Use custom configs with `-c my_config.txt` or pass msconvert args directly.

## Common Options

```bash
-o, --output-dir DIR      Output directory (required)
-w, --workers N          Number of parallel workers (default: 1)
-v, --verbose            Enable detailed logging
--log FILE               Custom log file path
-c, --config FILE        Custom msconvert config file

# Docker resource limits per worker
--worker-cores N         CPU cores (e.g., 2.0, 0.5)
--worker-memory SIZE     RAM limit (e.g., 4g, 2048m)
--worker-swap SIZE       Swap limit (set equal to memory to disable)
--worker-shm-size SIZE   Shared memory (default: 512m, increase for large files)
```

## Examples

```bash
# Basic conversion
mscli file.raw -o ./output --sage

# Directory with parallel processing
mscli /data/raw_files/ -o ./output --blitzff --workers 4

# Custom config file
mscli file1.raw file2.raw -o ./output -c my_config.txt

# Verbose logging
mscli /data/*.raw -o ./output --casanovo -v

# Resource-limited workers
mscli /data/*.raw -o ./output --sage \
  --workers 4 \
  --worker-cores 2.0 \
  --worker-memory 4g \
  --worker-swap 4g

# Specific Docker image version
mscli data.raw -o ./output --sage \
  --docker-image proteowizard/pwiz-skyline-i-agree-to-the-vendor-licenses:3.0.23310
```

## Supported Formats

`.raw`, `.wiff`, `.wiff2`, `.d`, `.baf`, `.fid`, `.yep`, `.tsf`, `.tdf`, `.mbi`, `.lcd`, `.ms`, `.cms1`,
`.ms1`, `.cms2`, `.ms2`, `.t2d`

## Development

```bash
# Setup
git clone https://github.com/pgarrett-scripps/msconvert-cli.git
cd msconvert-cli
uv sync

# Quality checks
make check    # Run linters and type checking
make format   # Format code with ruff
make test     # Run tests

# Run locally
uv run mscli --help
```

## License

Apache 2.0 - ProteoWizard license applies to the Docker image.

https://proteowizard.sourceforge.io/index.html

## Citation

If using ProteoWizard, please cite:
A cross-platform toolkit for mass spectrometry and proteomics.
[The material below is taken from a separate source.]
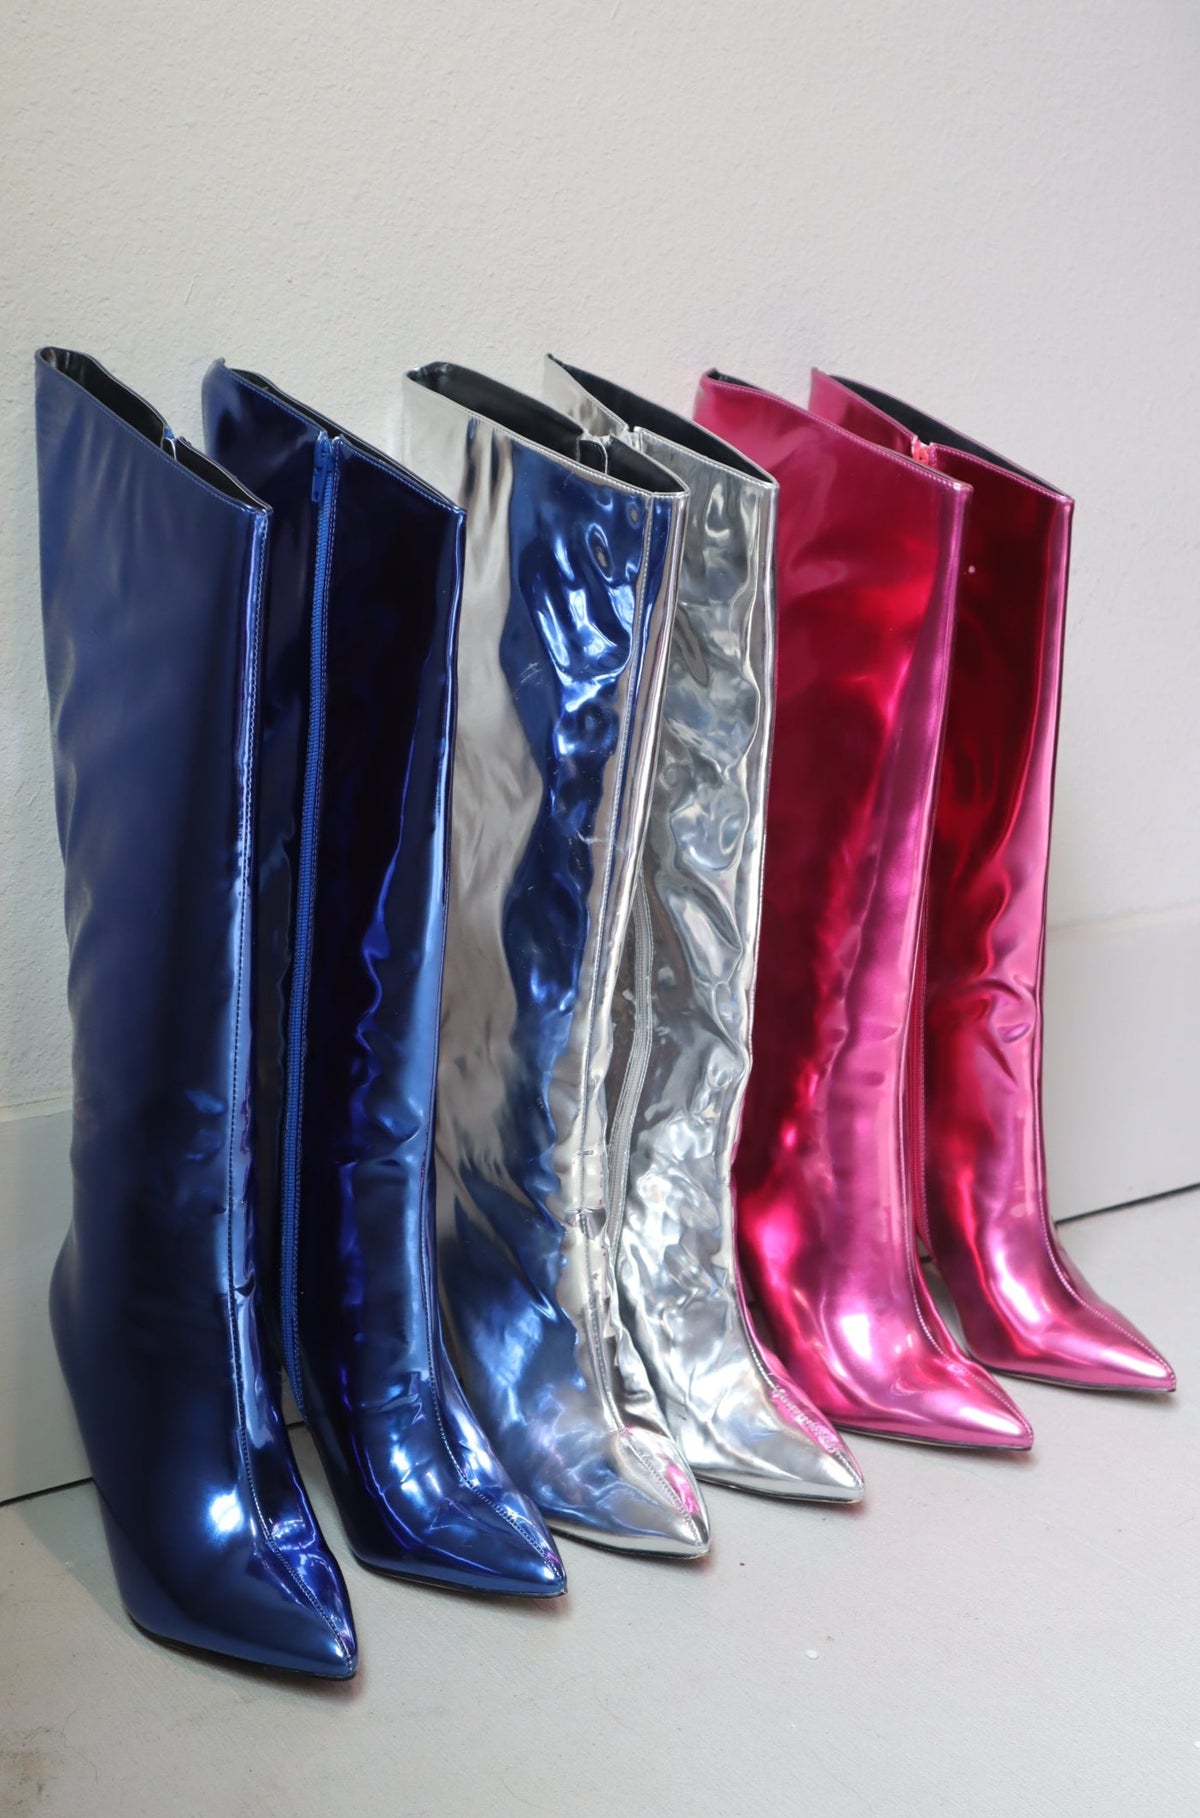 Metallic Knee High Boots (Multiple Colors)

Chambers, M.C., MacLean, B., Burke, R., Amode, D., Ruderman, D.L., Neumann, S., Gatto, L., Fischer, B., Pratt, B., Egertson, J., Hoff, K., Kessner, D., Tasman, N., Shulman, N., Frewen, B., Baker, T.A., Brusniak, M.-Y., Paulse, C., Creasy, D., Flashner, L., Kani, K., Moulding, C., Seymour, S.L., Nuwaysir, L.M., Lefebvre, B., Kuhlmann, F., Roark, J., Rainer, P., Detlev, S., Hemenway, T., Huhmer, A., Langridge, J., Connolly, B., Chadick, T., Holly, K., Eckels, J., Deutsch, E.W., Moritz, R.L., Katz, J.E., Agus, D.B., MacCoss, M., Tabb, D.L. & Mallick, P. Nature Biotechnology 30, 918-920 (2012).